E-values calibrated from p-values are useful in the context of testing randomness online (see [31]) and designing test martingales (see [9]). More specifically, for a possibly infinite sequence of independent p-variables $(P_{t})_{t\in\mathbb{N}}$ and a sequence of p-to-e calibrators $(f_{t})_{t\in\mathbb{N}}$ , the stochastic process

X_{t}=\prod_{k=1}^{t}f_{k}(P_{k}),~{}~{}~{}~{}t=0,1,\dots

is a supermartingale (with respect to the filtration of $(P_{t})_{t\in\mathbb{N}}$ ) with initial value $X_{0}=0$ (it is a martingale if $P_{t}$ , $t\in\mathbb{N}$ are standard uniform and $f_{t}$ , $t\in\mathbb{N}$ are admissible). As a supermartingale, $(X_{t})_{t\in\mathbb{N}}$ satisfies the anytime validity, i.e., $X_{\tau}$ is an e-variable for any stopping time $\tau$ ; moreover, Ville’s inequality gives

\displaystyle\mathbb{P}\left(\sup_{t\in\mathbb{N}}X_{t}\geq\frac{1}{\alpha}\right)\leq\alpha\mbox{~{}for any $\alpha>0$.}

(15)

The process $(X_{t})_{t\in\mathbb{N}}$ is called an e-process by [37]. Anytime validity is crucial in the design of online testing where evidence arrives sequentially in time, and scientific discovery is reported at a stopping time considered with sufficient evidence.

Notably, the most popular choice of p-to-e calibrators are those in (10) and (11) (see e.g., [31]), which are convex. Theorem 6.2 implies that if the inputs are not p-values but p*-values, we can still obtain e-processes using convex calibrators such as (10) and (11), without calibrating these p*-values to p-values. This observation becomes useful when each observed $P_{t}$ is only a p*-variable, e.g., a mid p-value or an average of several p-values from parallel experiments.
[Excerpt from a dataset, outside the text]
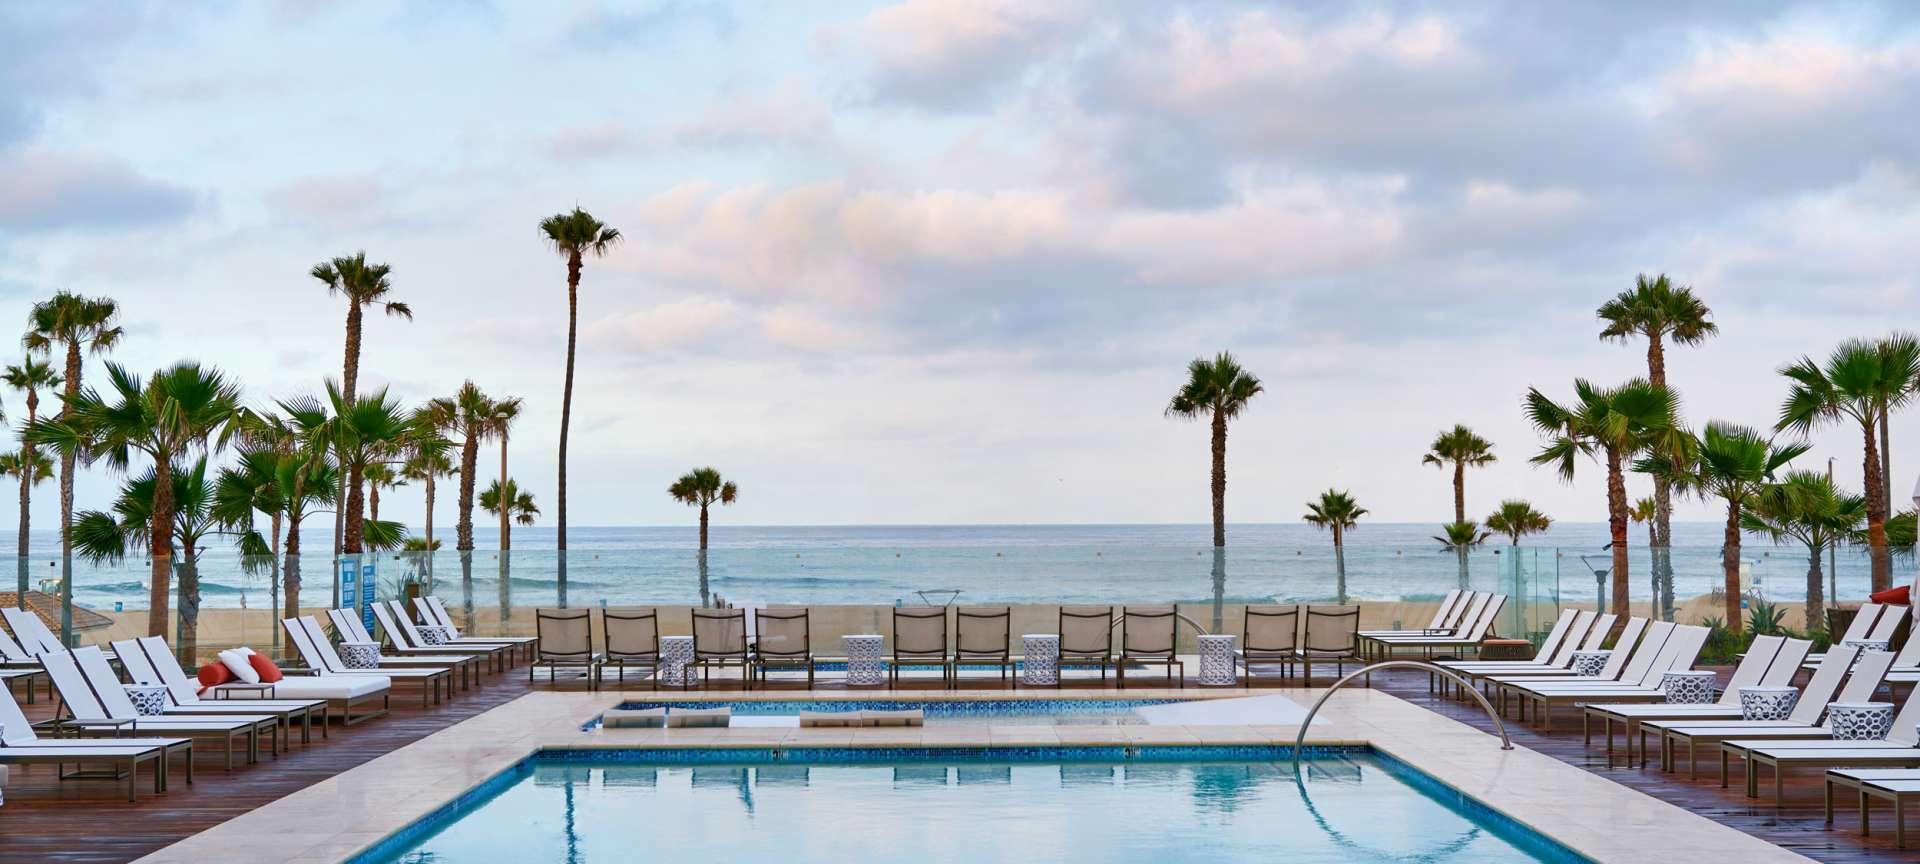 Huntington Beach Hotel Specials And

Moreover, for a fixed $t\in\mathbb{N}$ , if there is a convex $f_{s}$ for some $s\in\{1,\dots,t\}$ with $f_{s}(1)=0$ , and $P_{s}$ is a p-variable (the others can be p*-variables with any p*-to-e calibrators), then (DE) is satisfied by $f_{s}(P_{s})$ , and we have $\mathbb{P}(X_{t}\geq 1/\alpha)\leq\alpha/2$ by using the test (14); see our numerical experiments below.

Simulation experiments

In the simulation results below, we generate test martingales following [35]. Similarly to Section B.2, the null hypothesis $H_{0}$ is $\mathrm{N}(0,1)$ and the alternative is $\mathrm{N}(\delta,1)$ for some $\delta>0$ . We generate iid $X_{1},\dots,X_{n}$ from $\mathrm{N}(\delta,1)$ . Define the e-variables from the likelihood ratios of the alternative to the null density,

E_{t}:=\frac{\exp(-(X_{t}-\delta)^{2}/2)}{\exp(-X_{t}^{2}/2)}=\exp(\delta X_{t}-\delta^{2}/2),~{}~{}~{}t=1,\dots,n.

(16)

The e-process $S=(S_{t})_{t=1,\dots,n}$ is defined as $S_{t}=\prod_{s=1}^{t}E_{s}.$ Such an e-process $S$ is growth optimal in the sense of Shafer [27], as it maximizes the expected log growth among all test martingales built on the data $(X_{1},\dots,X_{n})$ ; indeed, $S$ is Kelly’s strategy under the betting interpretation. Here, we constructed the e-process $S$ assuming that we know $\delta$ ; otherwise we can use universal test martingales (e.g., [7]) by taking a mixture of $S$ over $\delta$ under some probability measure.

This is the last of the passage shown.